8.1 Moderation

Moderation occurs when the relationship between two variables depends on a third variable.

  • The third variable is referred to as the moderating variable or simply the moderator.
  • The moderator affects the direction and/or strength of the relationship between the explanatory (\(x\)) and response (\(y\)) variable.
    • This tends to be an important
  • When testing a potential moderator, we are asking the question whether there is an association between two constructs, but separately for different subgroups within the sample.
    • This is also called a stratified model, or a subgroup analysis.

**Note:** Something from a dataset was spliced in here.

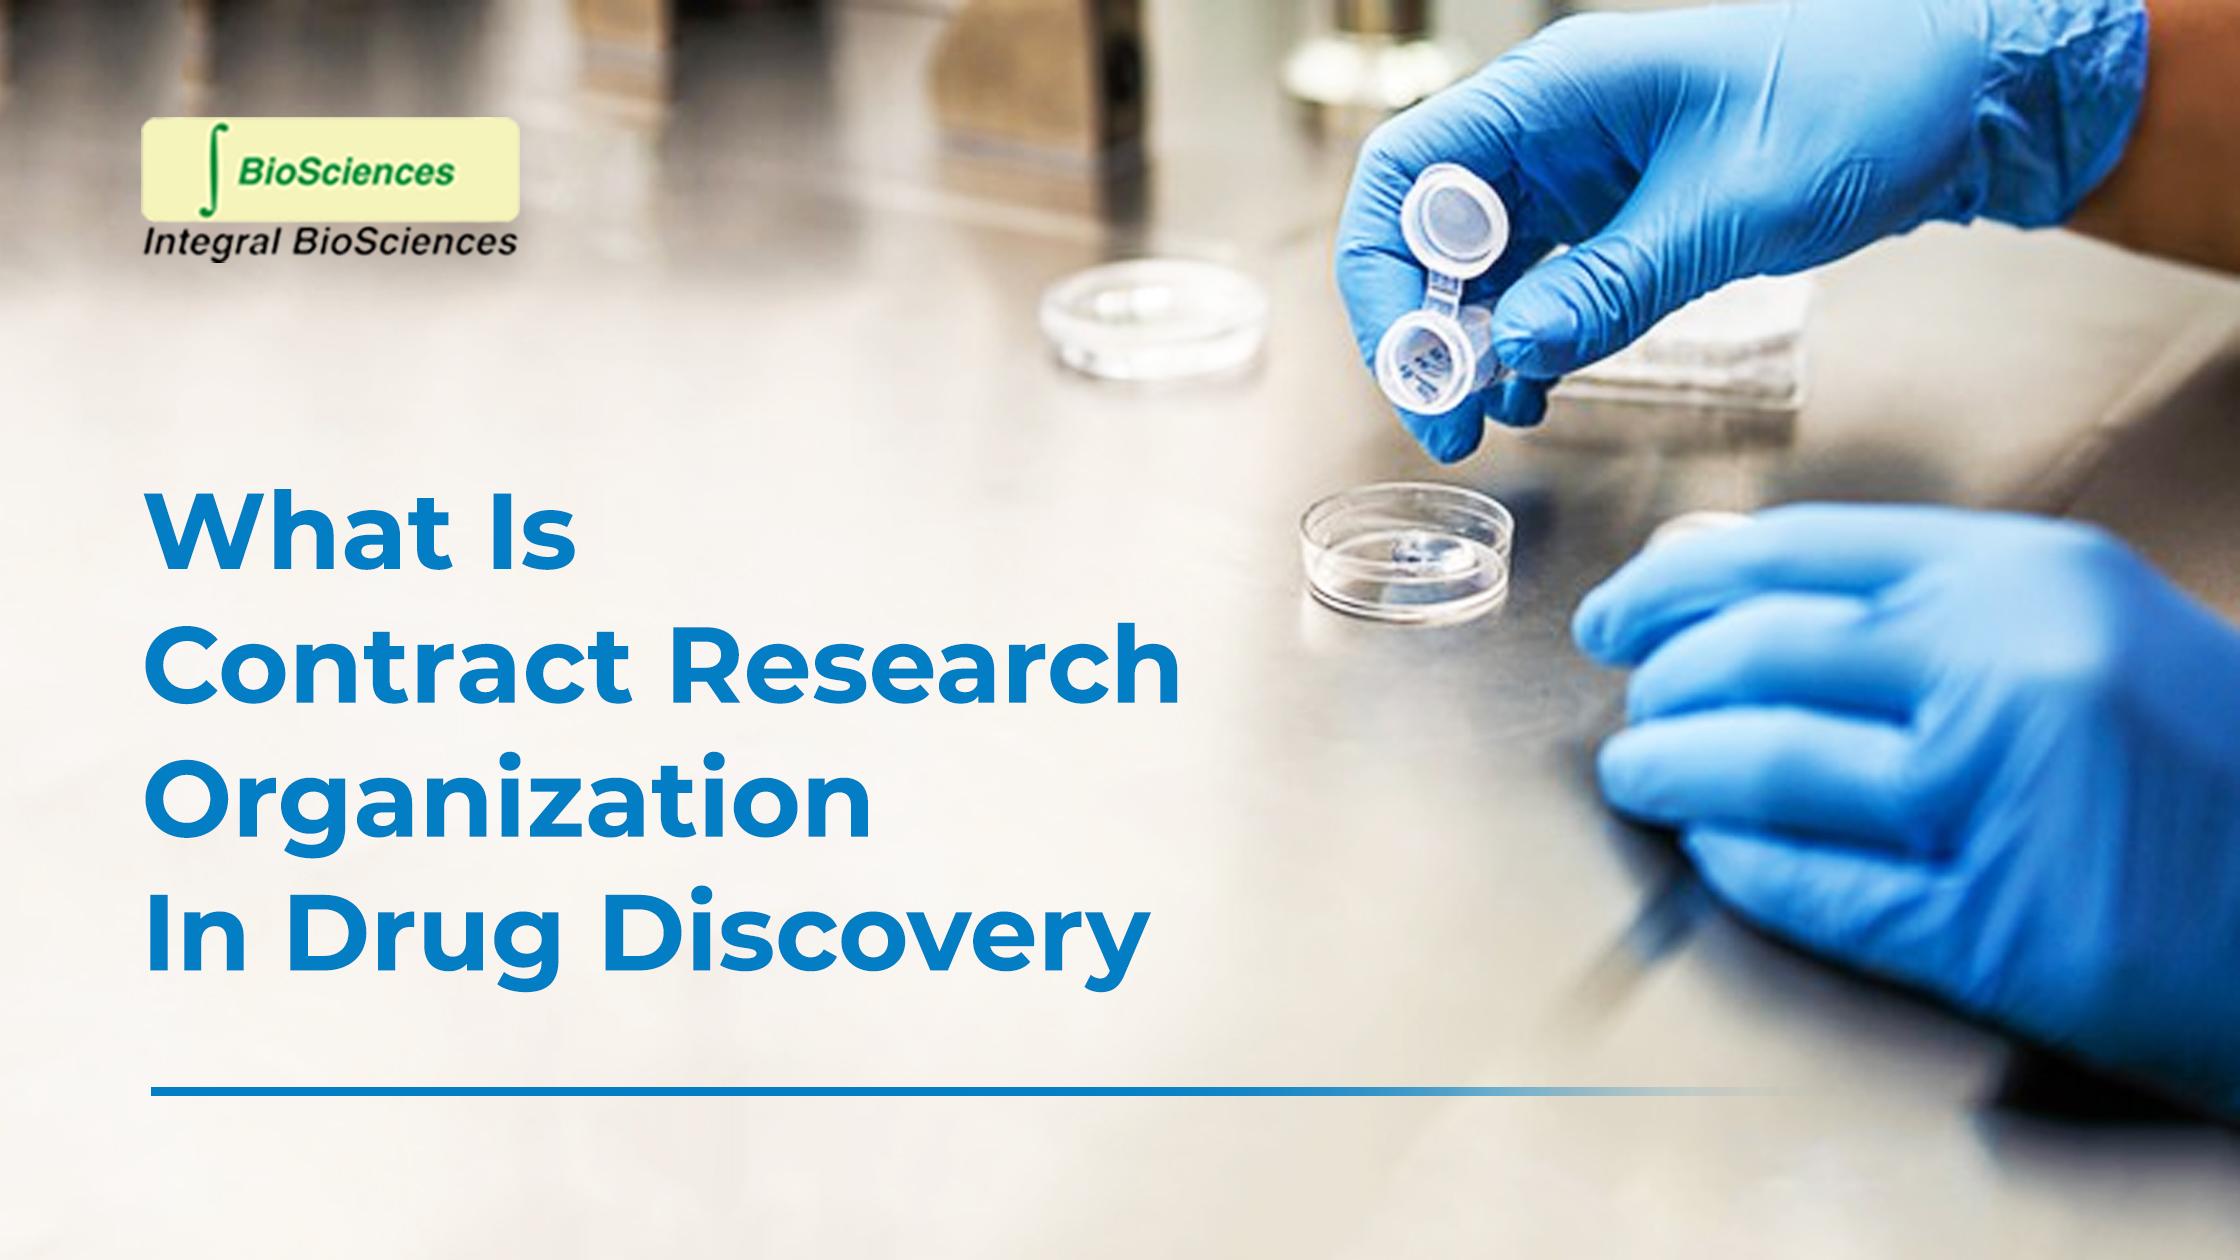 What Is Contract Research Organization in Drug Discovery JustPaste.it

8.1.1 Example 1: Simpson’s Paradox

Sometimes moderating variables can result in what’s known as Simpson’s Paradox. This has had legal consequences in the past at UC Berkeley.


8.1.2 Example 2: Sepal vs Petal Length in Iris flowers

Let’s explore the relationship between the length of the sepal in an iris flower, and the length (cm) of it’s petal.

overall <- ggplot(iris, aes(x=Sepal.Length, y=Petal.Length)) + 
                geom_point() + geom_smooth(se=FALSE) + 

by_spec <- ggplot(iris, aes(x=Sepal.Length, y=Petal.Length, col=Species)) + 
                  geom_point() + geom_smooth(se=FALSE) + 
                  theme_bw() + theme(legend.position="top")

gridExtra::grid.arrange(overall, by_spec , ncol=2)

The points are clearly clustered by species, the slope of the lowess line between virginica and versicolor appear similar in strength, whereas the slope of the line for setosa is closer to zero. This would imply that petal length for Setosa may not be affected by the length of the sepal.